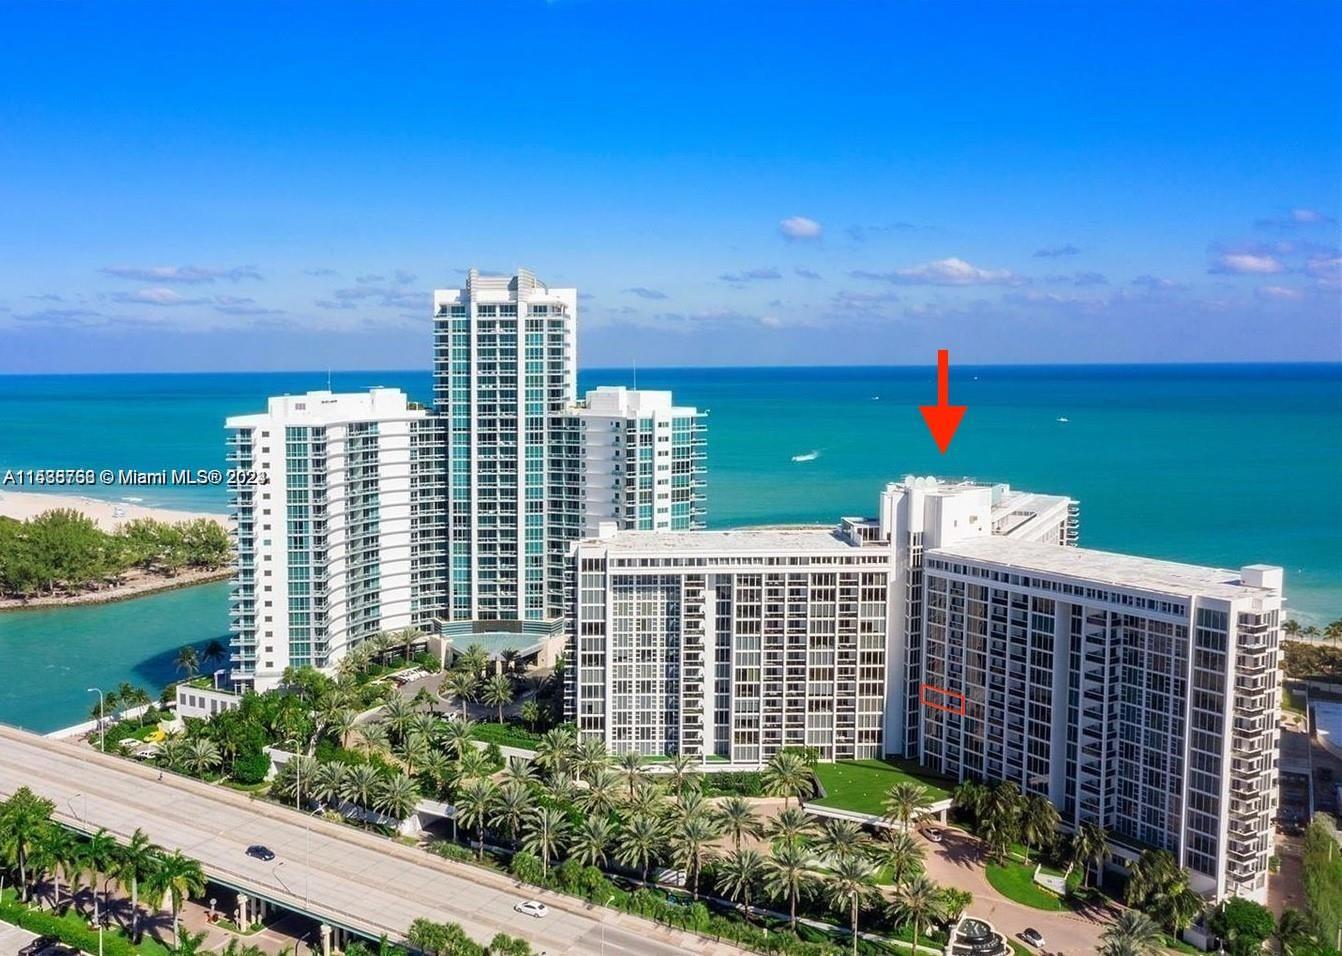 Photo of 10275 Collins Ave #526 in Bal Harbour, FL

--------------------------------------------------

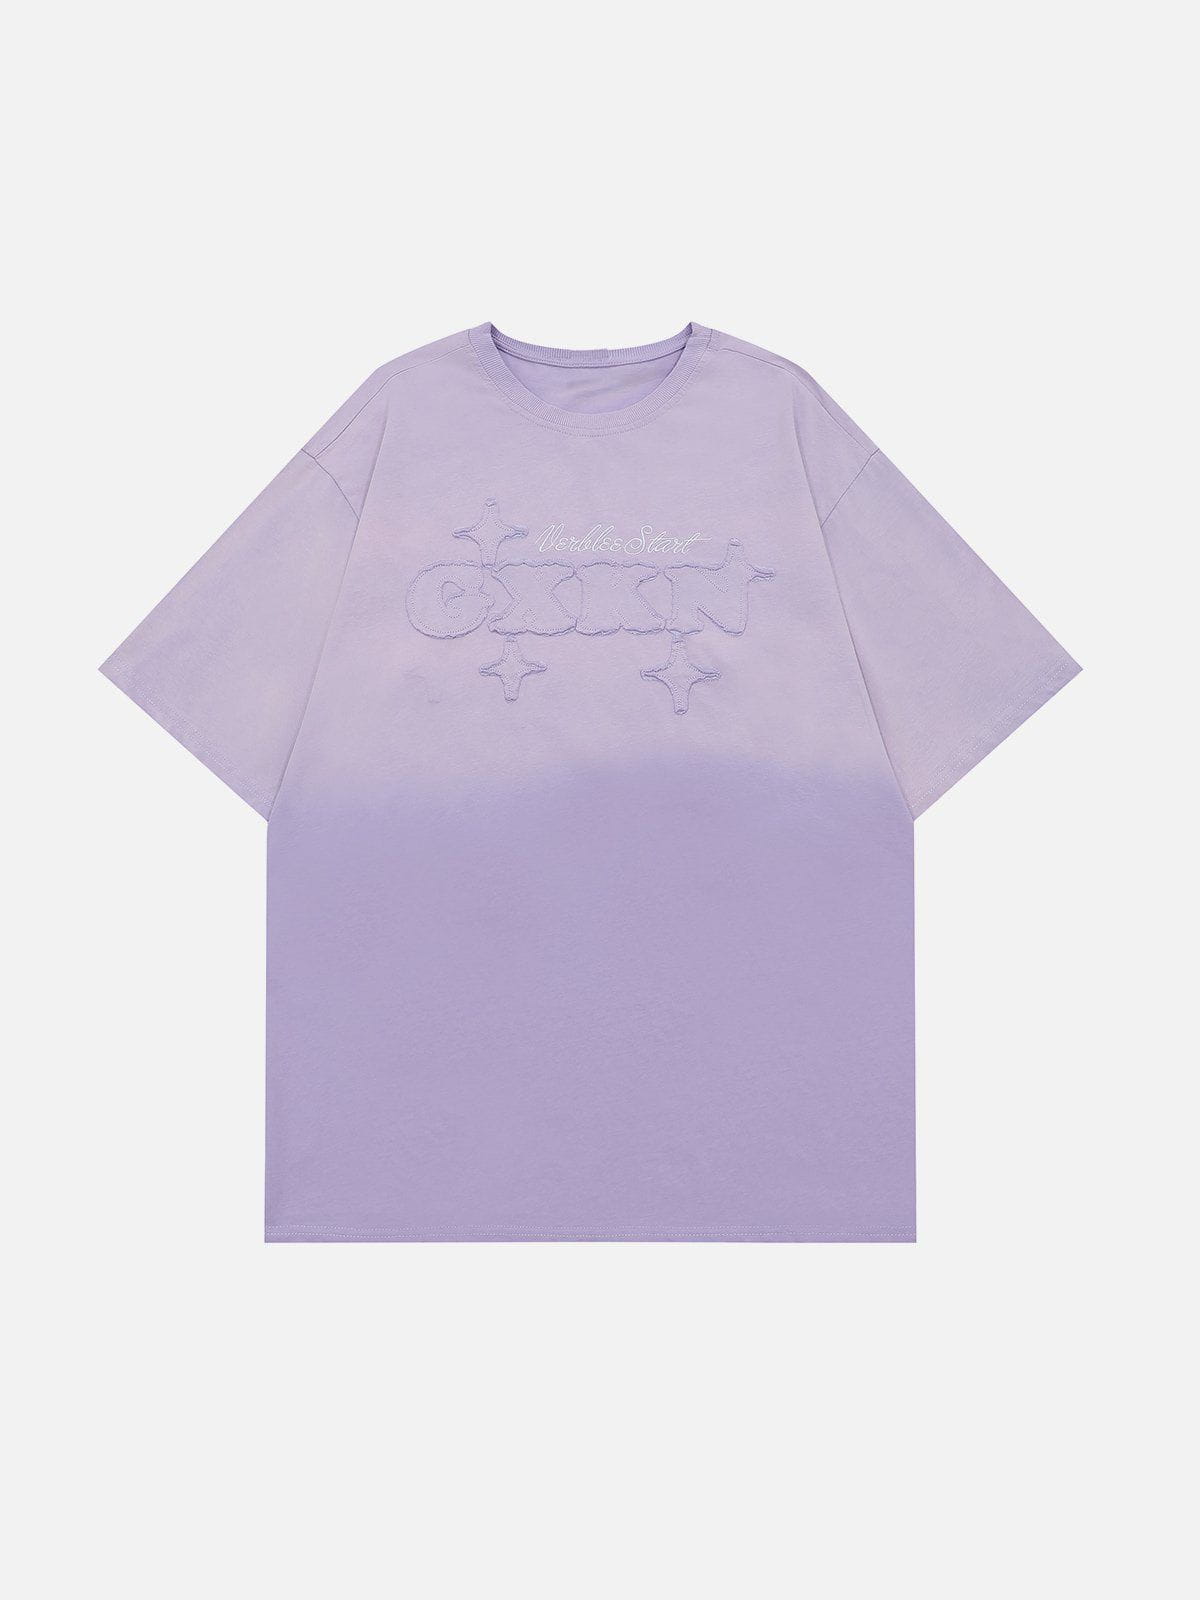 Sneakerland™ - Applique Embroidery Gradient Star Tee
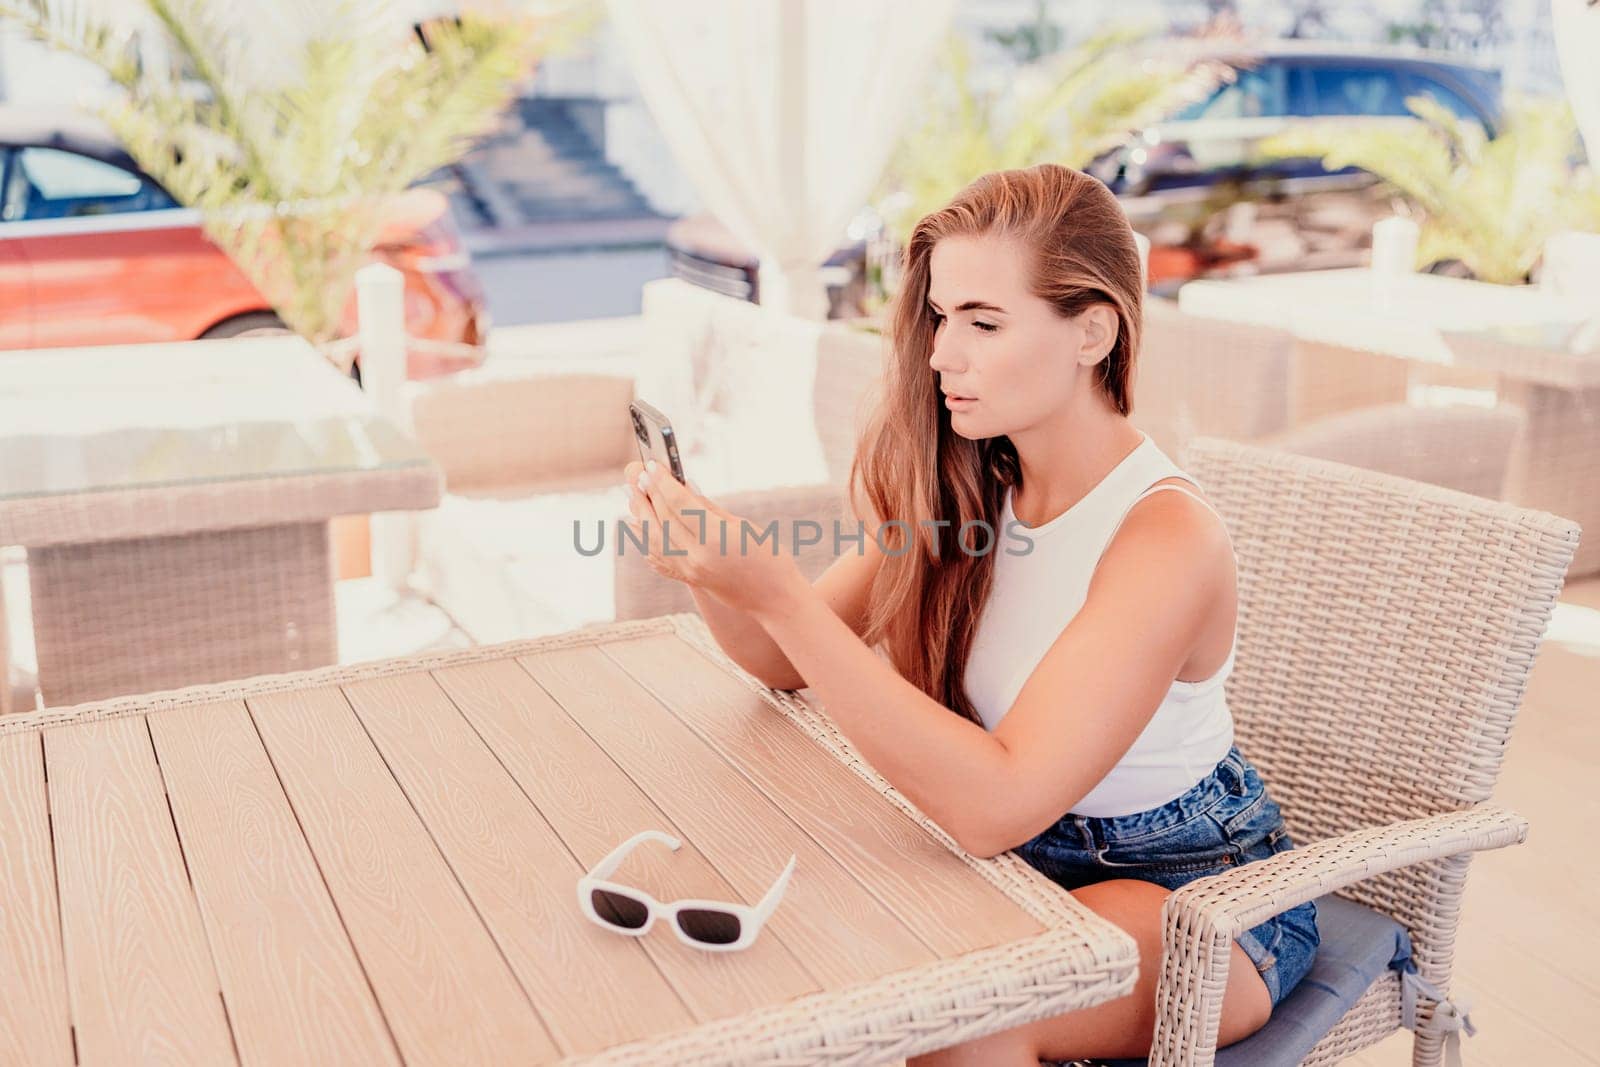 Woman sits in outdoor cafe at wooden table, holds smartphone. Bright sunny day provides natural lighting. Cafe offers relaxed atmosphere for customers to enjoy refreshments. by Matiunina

--------------------------------------------------

▶ [What you should do]: Using the data above, copy exactly the lines from the one containing "Sneakerland™ - Applique" to the one containing "Woman sits in", inclusive. Exclude the pictures.

▶ [Response]:
 Sneakerland™ - Applique Embroidery Gradient Star Tee
 Woman sits in outdoor cafe at wooden table, holds smartphone. Bright sunny day provides natural lighting. Cafe offers relaxed atmosphere for customers to enjoy refreshments. by Matiunina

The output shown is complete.